Is the yuba you eat real or fake? Do you know the dangers of fake yuba? CCTV**The highly toxic fake yuba is not only poisonous but also carcinogenic, so, can the yuba still be eaten?
This delicious ingredient from soybean milk is deeply loved by consumers, its nutritional value is rich, the taste is unique, and it is a delicacy that cannot be missing on the table of many families.
However, the quality of the bean curd products circulating in the market is uneven, and some low-quality yuba contains formaldehyde, the existence of this harmful chemical substance, which will not only threaten the safety of food, but also may pose a long-term threat to health. Some studies have even shown that long-term intake of formaldehyde increases the risk of cancer.
During a food safety spot check, it was found that the formaldehyde content of a certain brand of yuba sample exceeded the standard, which caused people to pay close attention to the safety of yuba.
So, how to identify a fake yuba? Is there any simple and effective way to ensure that the yuba you buy and eat every day is safe and harmless? Next, let's find out together.
Yuba is essentially a soy product, and a good quality yuba is yellowish-white in color and contains a lot of protein and nutrients. However, in recent years, in order to reduce costs, many merchants choose to use corn starch as a raw material to make yuba for sale.
However, although this kind of yuba is reduced, it sells poorly and tastes bad, and it cannot be compared with the real yuba, so consumers are very resistant.
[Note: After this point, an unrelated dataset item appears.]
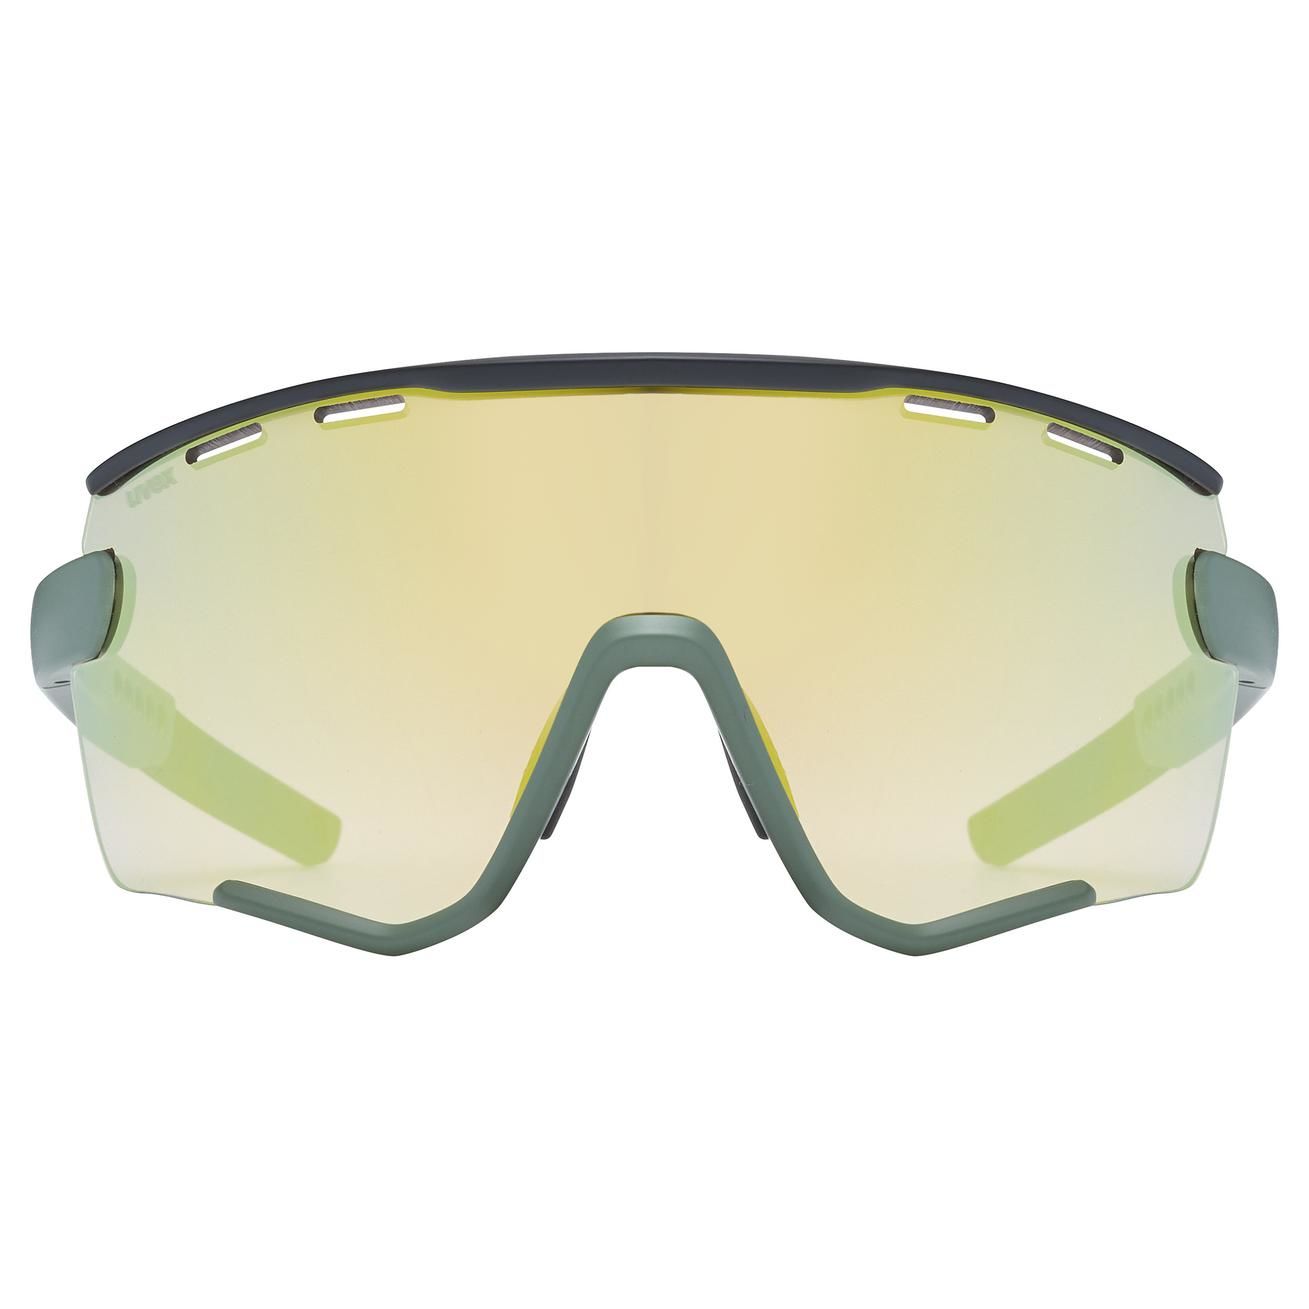 slnečné okuliare uvex sportstyle 236 Set moss green-black mat s2, s0

In order to deceive consumers, many unscrupulous businesses have begun to dig out their minds. In order to make the corn yuba as close as possible to the real taste of yuba, a powerful bleach - white lumps (actually formaldehyde sodium bisulfite) is added to the corn yuba. White block has a strong bleaching ability and is a commonly used bleach agent in industry. When it is added to yuba, the color of yuba will be better and its appearance will be more beautiful.
In addition, the taste of corn bean curd will also be improved and become more resilient. The process of making yuba is as follows: soybeans are first soaked, finely ground, boiled, and then the soy milk is poured into a large vat to cool naturally. At this time, a thin layer of bean skin will grow on the surface. Then gently remove the bean skin to dry or tumble dry.
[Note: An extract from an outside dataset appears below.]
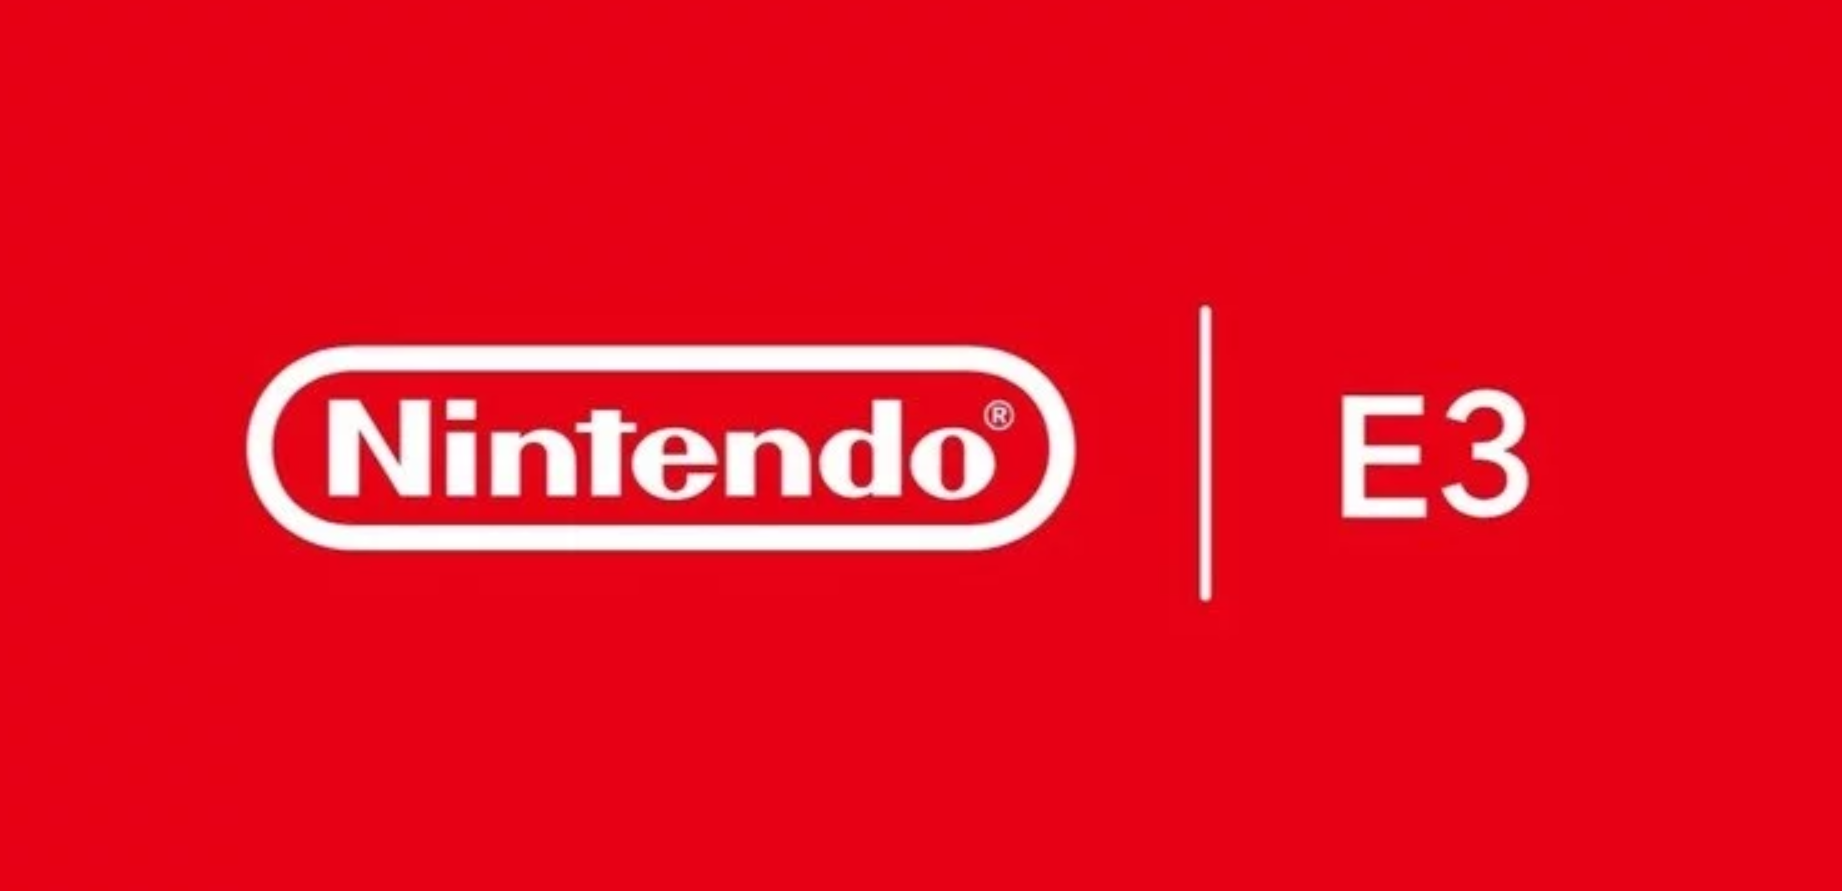 صورة Nintendo تدعم موقف منظمة ESA لإلغاء معرض E3 لهذا العام ولا تحدد خطتها القادمه

It will become a bean curd bamboo. This process may seem simple, but it is actually a test of skill and experience. Only by controlling the temperature, time, thickness and other factors of soy milk can the quality and taste of yuba be ensured. However, some criminals have resorted to improper measures in order to reduce costs and improve the weight, color, taste and shelf life of yuba. In the production process of yuba, there is the problem of illegal addition of formaldehyde.
They took two methods, one method is to add a small amount of formaldehyde to the soy milk, which can speed up the formation of the bean skin and make the bean skin more uniform. In addition, it can also improve the elasticity and toughness of the bean skin, making it less prone to breakage.
Another method is to use formaldehyde water to soak the yuba in the process of drying to make the yuba absorb formaldehyde, increase the weight and shelf life, and improve the color and taste.
However, the results showed that yuba contains a lot of formaldehyde protein, which is not only toxic but also carcinogenic. Harmful additives that are of concern are hammocks, formaldehyde and sodium bisulfite. A hammock is not a food additive, but an industrial product, which decomposes the highly toxic carcinogen formaldehyde when heated.
The white block itself has the properties of bleaching and reduction, which can improve the toughness of yuba and improve the taste. At the same time, it can also make the yuba white, making it easy to be used by unscrupulous businessmen.
In addition, there are some harmful substances such as sulfur dioxide fumigation bleach, trilead component strong agent borax, anti-corrosion to increase elasticity and swelling agent, alkaline yellow dye defoamer, etc.
So, how to distinguish a real from a fake yuba? It can be judged from the following points:
1. Choose reliable brands and channels. Legitimate manufacturers often have higher quality standards and regulatory mechanisms, and as a result, are more likely to offer genuine products. If you buy yuba in a regular supermarket or a professional food store, you can also get a guarantee when you buy genuine yuba.
2. Pay attention to packaging and labeling. Real yuba usually has a clear, complete, and easy-to-understand label, including information such as the date of manufacture, expiration date, ingredient list, and more. If the label is vague, the information is incomplete, or the spelling is wrong, it could be a sign of a counterfeit product.
3. Observe the appearance and texture. Real yuba usually has a uniform color and a tight texture. If the colors don't match, the texture is loose, or there are visible stains, it may be an inferior product.
In addition, real yuba should be dry and hard, but fakes may be soggy and soft. However, the most fundamental way is to improve one's own food safety awareness. We should be more cautious when choosing ingredients, and try to choose products with clear and transparent production methods. This will not only be safe to eat, but also better protect the health of your family.
So, what would you buy yuba in? Do you know how to distinguish a real from a fake yuba?